China has been the fastest-growing nation for the past quarter of a century with an average annual GDP growth rate in excess of 10%. Per capita income has grown at an average annual rate of more than 8% over the last three decades. China saw its export and import volume in service trade (excluding government service) stood at US$ 250.91 billion in 2007,an increase of over 30% from the previous year as according to its the Ministry of Commerce (MOC) report in June 2008.
China as the second largest economy in the world after the US, with a GDP of over US$7 trillion (2007) when measured on a purchasing power parity (PPP) basis. In November 2007, it became the third largest in the world after the US and Japan with a nominal GDP of US$3.42 trillion in 2007 when measured in foreign exchange-rate terms.
China is the world's largest producer of rice and is among the principal sources of corn (maize), wheat, soybeans, peanuts (groundnuts), cotton and tobacco. China is one of the world's largest producers of several industrial and mineral products, including cotton cloth,cotton yarn, antimony,tungsten,crude oil, coal and other products.
China's mineral resources are probably among the richest in the world but are only partially developed. She has acquired some highly sophisticated production facilities through trade and also has built a number of advanced engineering plants capable of manufacturing an increasing range of sophisticated defense and power technologies.
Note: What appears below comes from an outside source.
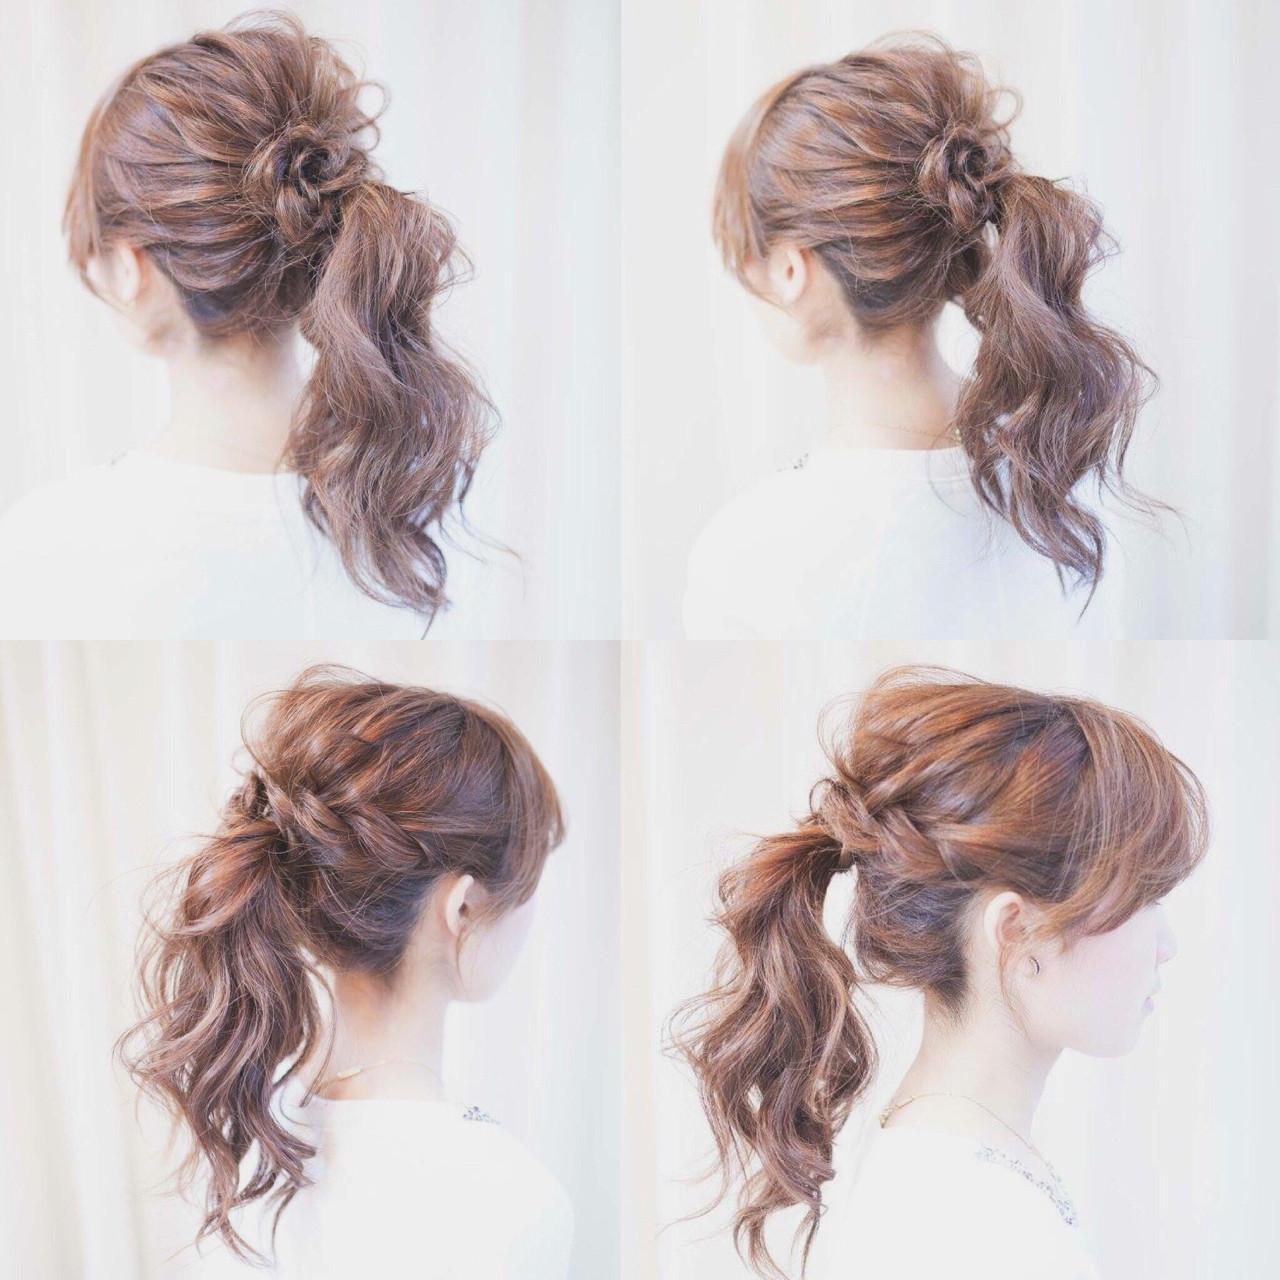 ナチュラル ヘアアレンジ 編み込み ショート ヘアスタイルや髪型の写真・画像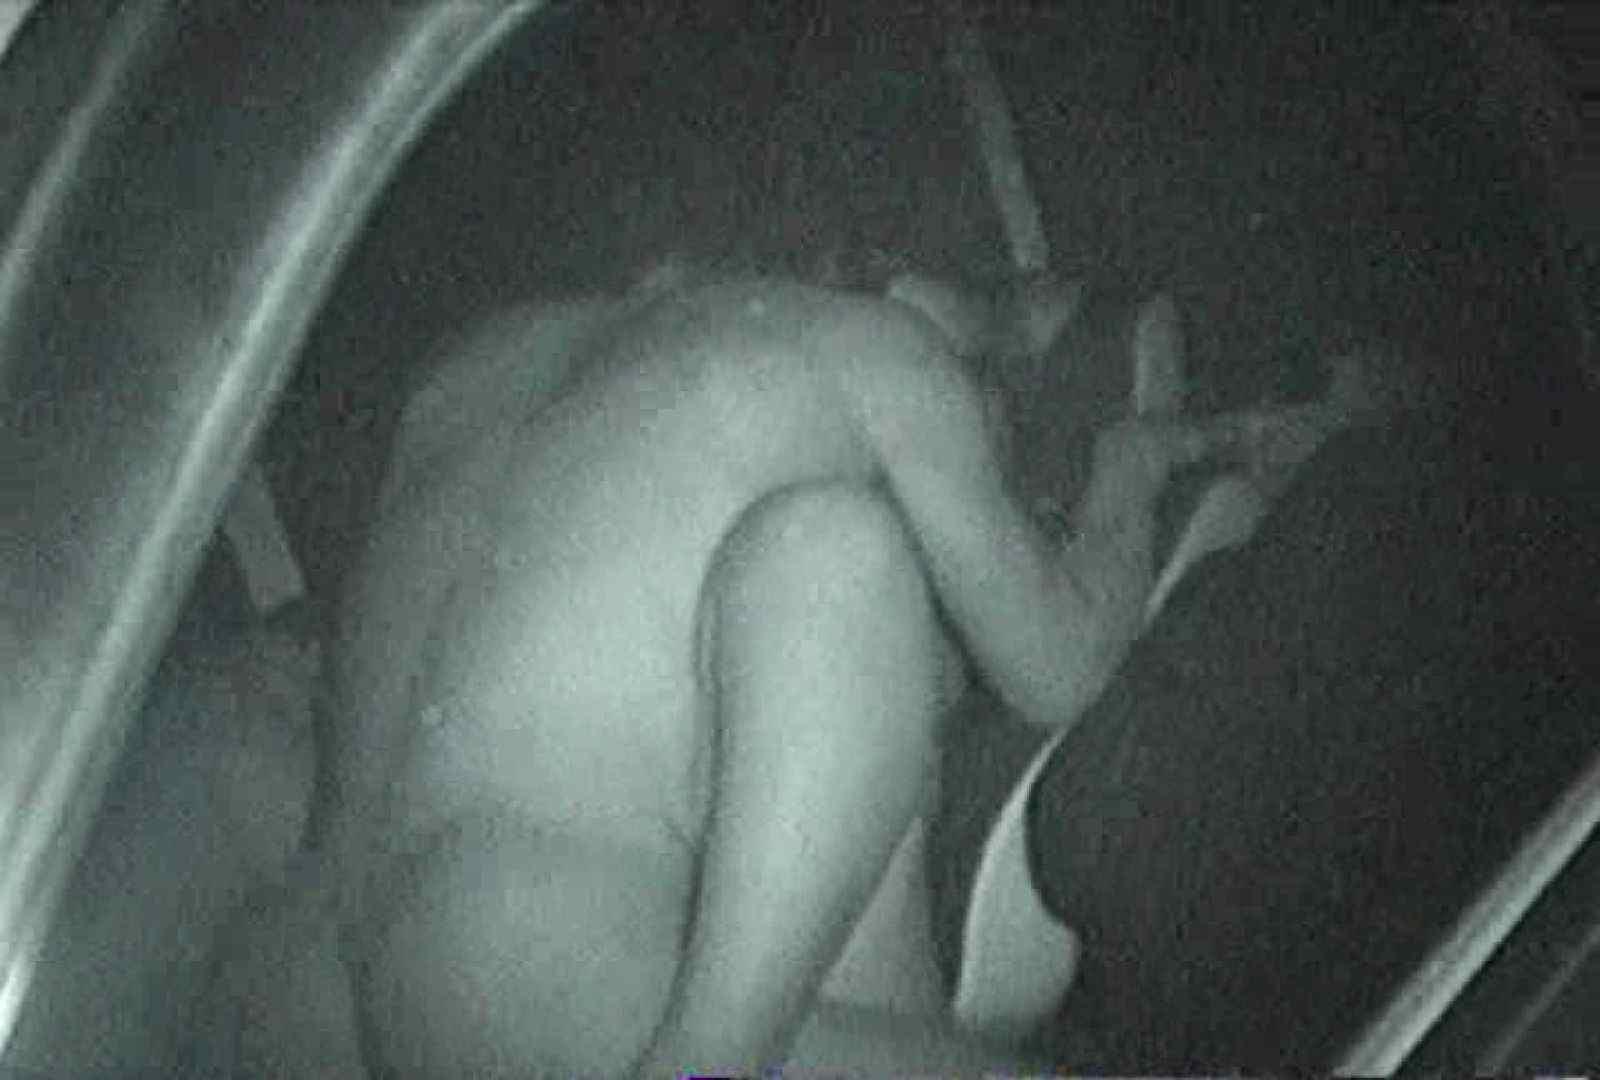 充血監督の深夜の運動会Vol.62 OLエロ画像 | 濃厚セックス  73PICs 31

In 2007, the European Union was still China's largest trading partner, and Japan its third largest. Trade with the EU rose 27 percent year-on-year to US$356.15 billion while Japan reached over US$236.02 billion, up 13.9 percent. Trade between Russia and China increased 44%, year-on-year, in 2007 to US$48.2 billion.Further readings on SearchAnythingEurope.com and SearchAnythingRussia.com
China-US Trade, which totaled only US$5 billion in 1980, rose to $387 billion in 2007. China overtook Japan to become the third largest U.S. export market, and overtook Canada to become the largest source of U.S. imports.Further news can be found on SearchAnythingAmerica.com.com
Trade volume between China and ASEAN (the Association of Southeast Asian Nations) hit US$202.6 billion in 2007, up 25.9 percent year-on-year, as announced by the China-ASEAN Business Council.Further news can be found on SearchAnythingAsia.com.com
Since its adoption of the "Four Modernizations" - agriculture, industry, science and technology, and defence, just a generation ago, China's share of world economic output has grown from 3.4 per cent to almost 12 per cent by 2000. China's booming economy has been hailed as a true economic miracle by many.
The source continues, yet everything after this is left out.